Procesamiento de órdenes a velocidad de nanosegundos
Cero asignaciones de memoria durante la operación (todo pre-alocado)
Comunicación entre hilos sin locks (sin mutex, sin syscalls)
Afinidad de CPU (el hilo del matcher se fija a un core para eliminar cambios de contexto)

🏗️ Arquitectura

┌───────────────────┐       SPSC RingBuffer        ┌──────────────────┐
│ GatewaySimulator  │ ────────(lock-free)────────▶ │  MatcherThread   │
│ (Producer Thread) │                               │ (Pinned to Core) │
└───────────────────┘                               └────────┬─────────┘
                                                             │
                                           ┌─────────────────┼────────────┐
                                           ▼                 ▼            ▼
                                    ┌────────────┐   ┌────────────┐ ┌──────────┐
                                    │ ObjectPool  │   │  OrderBook │ │  Stats   │
                                    │  (Order)    │   │(Intrusive) │ │ Counters │
                                    └──────┬──────┘   └────────────┘ └──────────┘
                                           │
                                    ┌──────┴──────┐
                                    │ MemoryArena │
                                    │ (Bump Alloc)│
                                    └─────────────┘

Componentes

#	Componente	Descripción	Complejidad
1	MemoryArena	Asignador bump: una sola alocación inicial de 64MB. O(1) por asignación, cero fragmentación.	O(1)
2	ObjectPool<Order>	Pool de objetos con free-list intrusiva. Adquirir/liberar en O(1) sin tocar el heap.	O(1)
3	LockFreeRingBuffer	Buffer SPSC (Single Producer, Single Consumer) con aislamiento por línea de caché. Sin contención, sin syscalls.	O(1)
4	Order	Estructura de 64 bytes alineada a línea de caché. Incluye puntero intrusivo `next` para lista enlazada.	—
5	IntrusiveOrderList	Lista enlazada intrusiva FIFO. `push_back` O(1) sin malloc. Reemplaza `std::vector` para eliminar realocaciones ocultas.	O(1) push
6	PriceLevel	Nivel de precio con lista intrusiva. Garantiza O(1) para agregar órdenes sin importar la cantidad.	O(1) add
7	OrderBook	Libro de órdenes Bid/Ask con matching por precio-tiempo. Cancelación O(1) vía mapa plano de IDs.	O(L×K) match
8	MatcherThread	Loop de eventos busy-spin fijado a un core de CPU. Sin sleep, sin yield. Latencia mínima.	—
9	GatewaySimulator	Generador sintético: 70% limit, 20% market, 10% cancel. Distribución realista de precios e instrumentos.	—

⚡ Decisiones de Diseño

Decisión	Alternativa	Razón
SPSC RingBuffer	mutex + cola	Cero contención, sin syscalls del kernel
`alignas(64)` head/tail	Alineación default	Elimina false sharing entre cores
Fences acquire/release	`seq_cst`	Overhead mínimo de barreras de memoria
Lista intrusiva en PriceLevel	`std::vector<Order*>`	Cero malloc, capacidad ilimitada sin realocación
Placement-new Pool	`new`/`delete`	Cero alocación de heap en hot path
Precios fixed-point	`double`	Comparación determinística sin errores de punto flotante
Bump allocator Arena	`malloc` por objeto	O(1) alocación, cero fragmentación

🛡️ Defensa contra Quote Stuffing

Un problema crítico en HFT es el quote stuffing: un actor malintencionado envía miles de órdenes a un mismo nivel de precio para sobrecargar el sistema. Con std::vector, esto causa realocaciones ocultas (malloc) que generan spikes de latencia de 5µs a 200µs.

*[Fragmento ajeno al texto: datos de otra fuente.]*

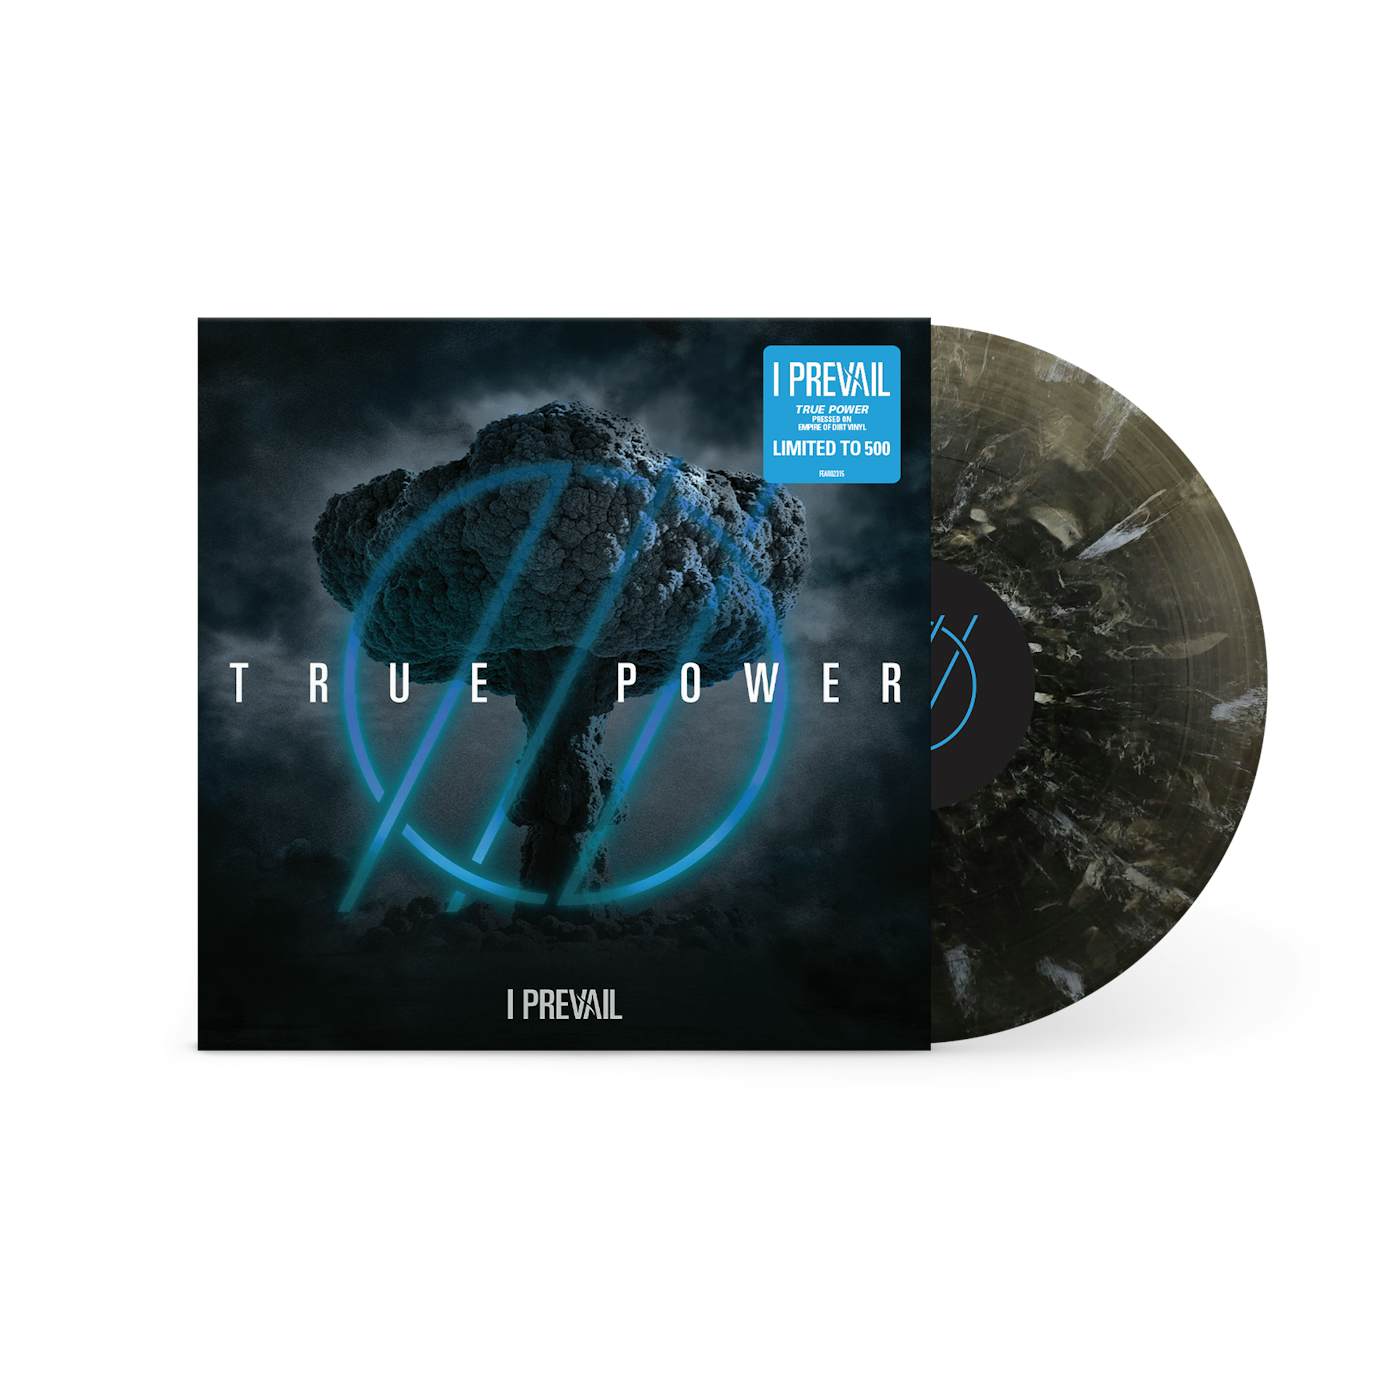 I Prevail "TRUE POWER" Empire Of Dirt Vinyl

Nuestra solución: Lista enlazada intrusiva donde el puntero next vive dentro de la estructura Order (que ya está en el ObjectPool). Resultado: agregar una orden siempre es O(1), sin importar si hay 10 o 100,000 órdenes en el nivel.

🔧 Compilación y Ejecución

Requisitos

Compilador C++20 compatible (GCC 11+, Clang 14+, MSVC 2022+)
CMake 3.20+ (opcional, para build system)
Sistema operativo: Linux, macOS o Windows (con WSL recomendado)

Compilación directa

# Motor principal
g++ -std=c++20 -O2 -Wall -Wextra -pthread hyper_core_engine.cpp -o hyper_core_engine

# Unit tests
g++ -std=c++20 -O2 -Wall -Wextra -pthread tests/test_hyper_core.cpp -o test_hyper_core

# Benchmark de latencia
g++ -std=c++20 -O2 -Wall -Wextra -pthread benchmarks/benchmark_latency.cpp -o benchmark_latency

Compilación con CMake

mkdir build && cd build
cmake .. -DCMAKE_BUILD_TYPE=Release
cmake --build .

Ejecutar

./hyper_core_engine

Salida esperada

================================================================
  Hyper-Core HFT Matching Engine v1.0.0
  C++20 | Lock-Free SPSC | Zero-Alloc | Cache-Optimized
================================================================

[>>] Allocating Memory Arena (64 MB)...
[>>] Creating ObjectPool<Order> (500000 slots, 30 MB)...
[>>] Creating SPSC Ring Buffer (capacity: 65536)...
[>>] Starting MatcherThread (pinned to core 1)...
[>>] Starting GatewaySimulator (200000 orders)...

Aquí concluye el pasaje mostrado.